I mean selecting the recording via the share in "My Shows" and initiating the transfer that way.


----------



## mr_smits (Dec 17, 2009)

lpwcomp said:


> I mean selecting the recording via the share in "My Shows" and initiating the transfer that way.


I don't understand the scenario you are explaining to me for "pulling" content to Tivo. Tivo doesn't automatically see all the shared content on my network for me to pull it to the Tivo box and then watch on my tv.

How can I pull content? Using the Tivo desktop software with published folders?


----------



## eboydog (Mar 24, 2006)

mr_smits said:


> Goodbye, troll


Lol, they are technically right but I would guess such was offered out of humor and not trolling.

As described, pushing causes it to copy protected which is due to the manner how pytivo pushes it and lack of other published api's to accomplish a "push", it's not TiVo policing you!

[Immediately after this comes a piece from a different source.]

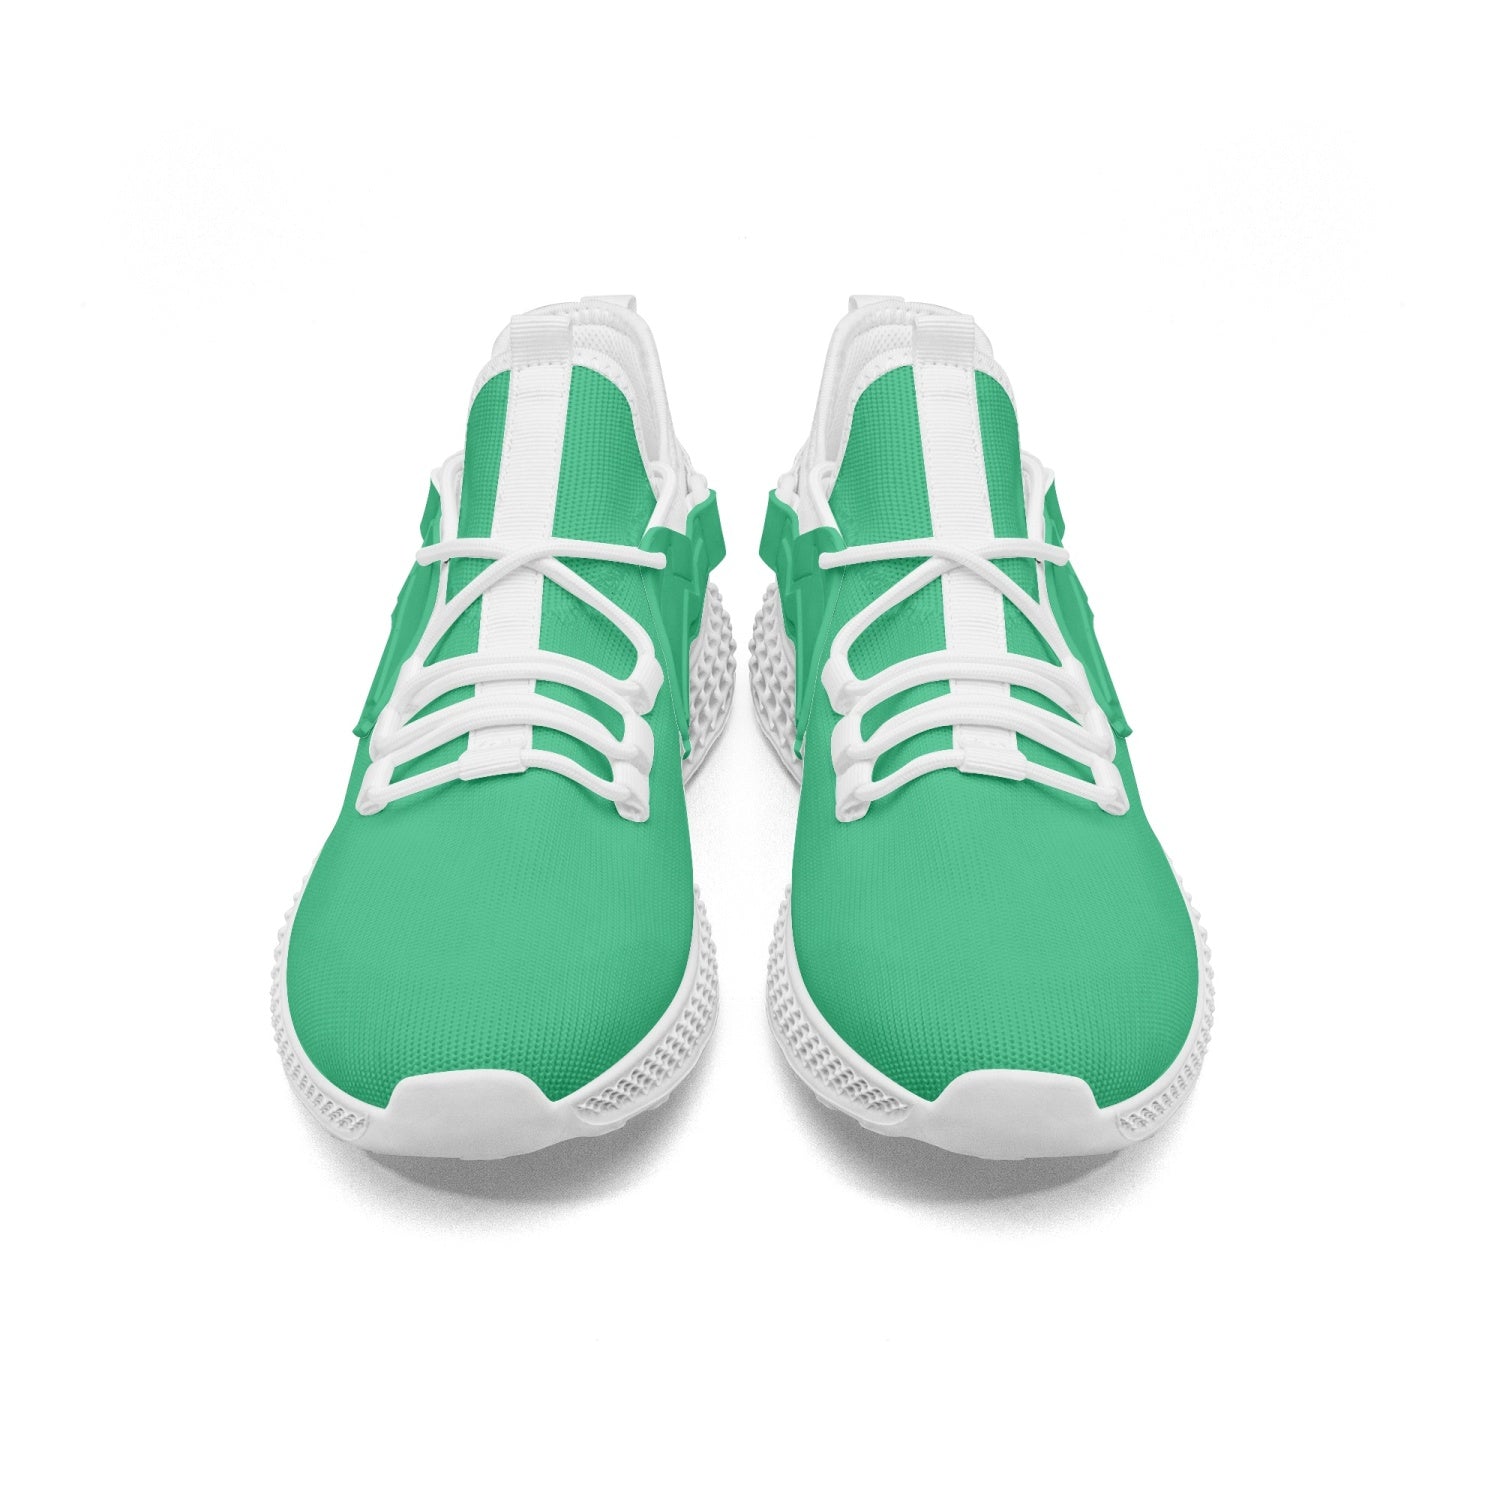 Unisex Summer Green Net Style Mesh Knit Sneakers

Setup a share in pytivo that's holds the rip, go to the TiVo and select that share and recording and 'pull" it. No problem that way.


----------



## lpwcomp (May 6, 2002)

eboydog said:


> Setup a share in pytivo that's holds the rip, go to the TiVo and select that share and recording and 'pull" it. No problem that way.





mr_smits said:


> I don't understand the scenario you are explaining to me for "pulling" content to Tivo. Tivo doesn't automatically see all the shared content on my network for me to pull it to the Tivo box and then watch on my tv.
> 
> How can I pull content? Using the Tivo desktop software with published folders?


There has to be at least one share defined for you to push. It _*should*_ show up at the bottom of "My Shows". Post your pyTivo.conf file (after editing it to remove security data like IDs and passwords). Post it between "CODE" tags to preserve the formatting.


----------



## mr_smits (Dec 17, 2009)

lpwcomp said:


> There has to be at least one share defined for you to push. It _*should*_ show up at the bottom of "My Shows". Post your pyTivo.conf file (after editing it to remove security data like IDs and passwords). Post it between "CODE" tags to preserve the formatting.

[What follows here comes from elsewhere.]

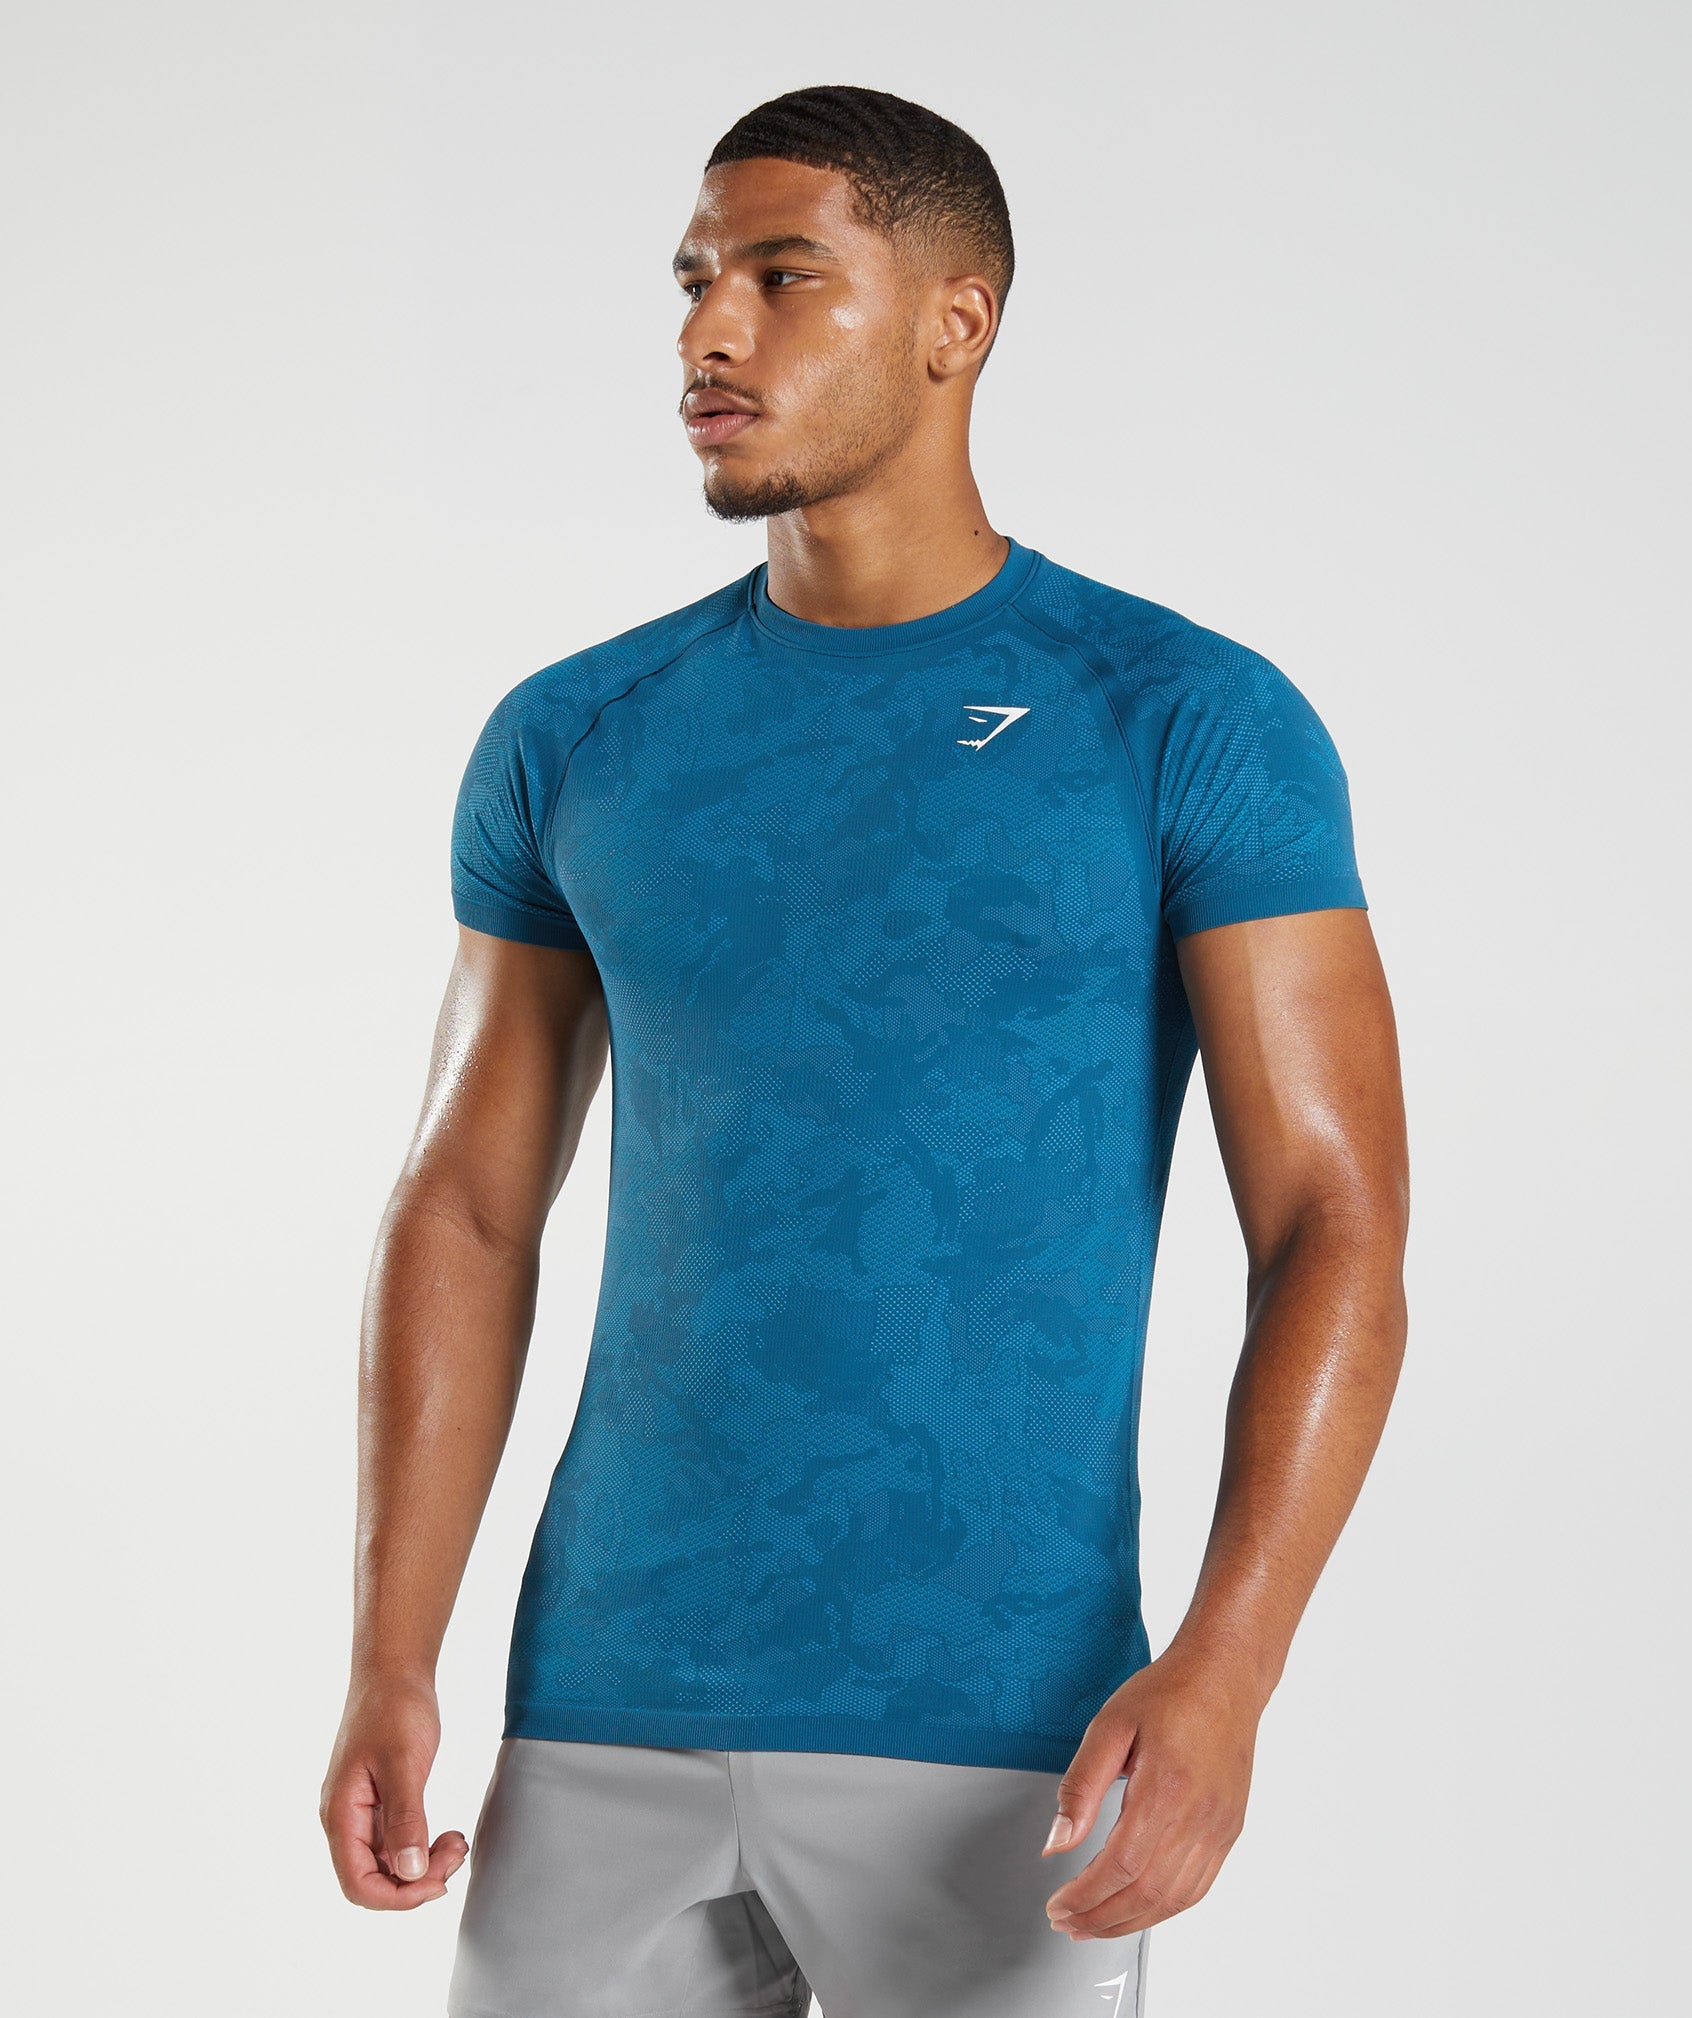 Gymshark Geo Seamless T-Shirt - Vintage Blue/Navy

Ah yes. This sounds familiar. It may be because I always watch tv on my Tivo Mini, and I cannot pull shows from it (to the Roamio). From the Mini I can see the folder but not inside it.


----------



## lpwcomp (May 6, 2002)

mr_smits said:


> Ah yes. This sounds familiar. It may be because I always watch tv on my Tivo Mini, and I cannot pull shows from it (to the Roamio). From the Mini I can see the folder but not inside it.

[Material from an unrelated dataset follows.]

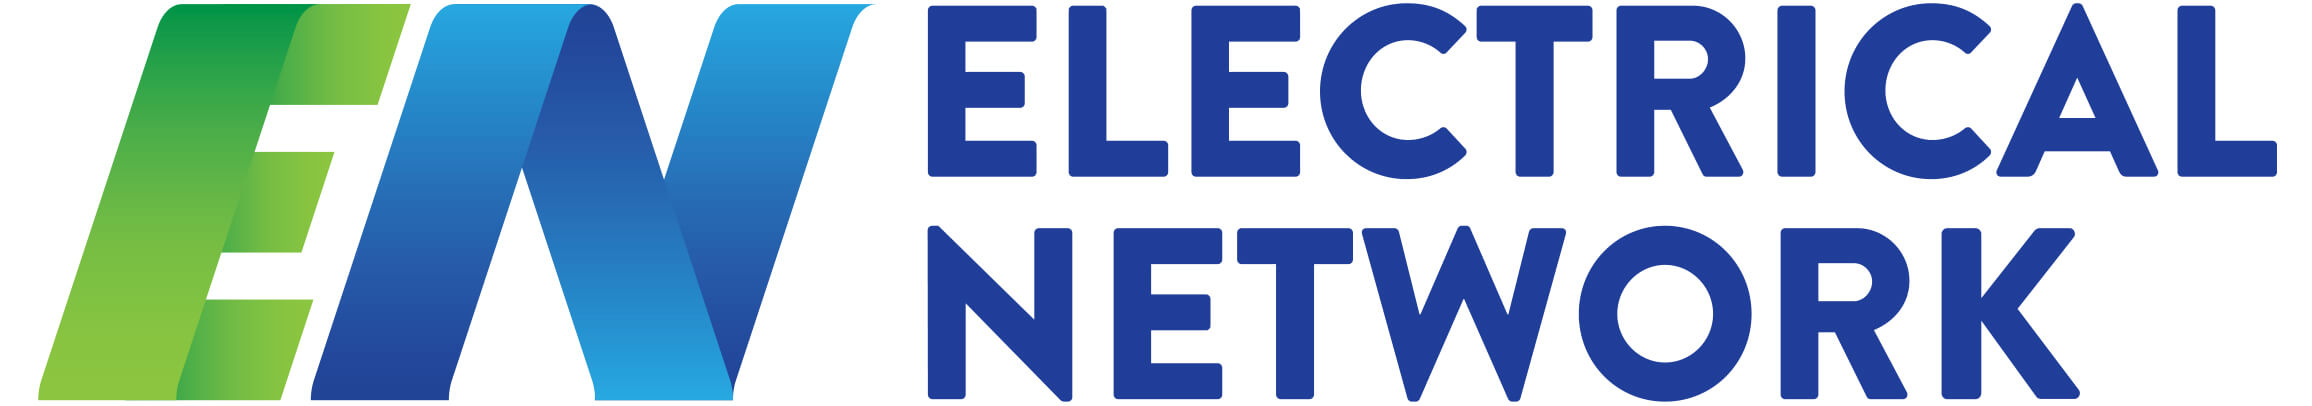 Electrical Network logo

That makes sense. Another factor to consider when deciding whether to replace a full TiVo with a Mini.


----------



## mr_smits (Dec 17, 2009)

lpwcomp said:


> That makes sense. Another factor to consider when deciding whether to replace a full TiVo with a Mini.


Yes. Definitely a downside to having a Mini.


----------



## JWhites (May 15, 2013)

Wait I'm confused. So if I move to a cable company that uses all H.264 or MPEG4 channels, I won't be able to use the Stream even though I _will_ be able to use the TiVo Premiere/Roamio?


----------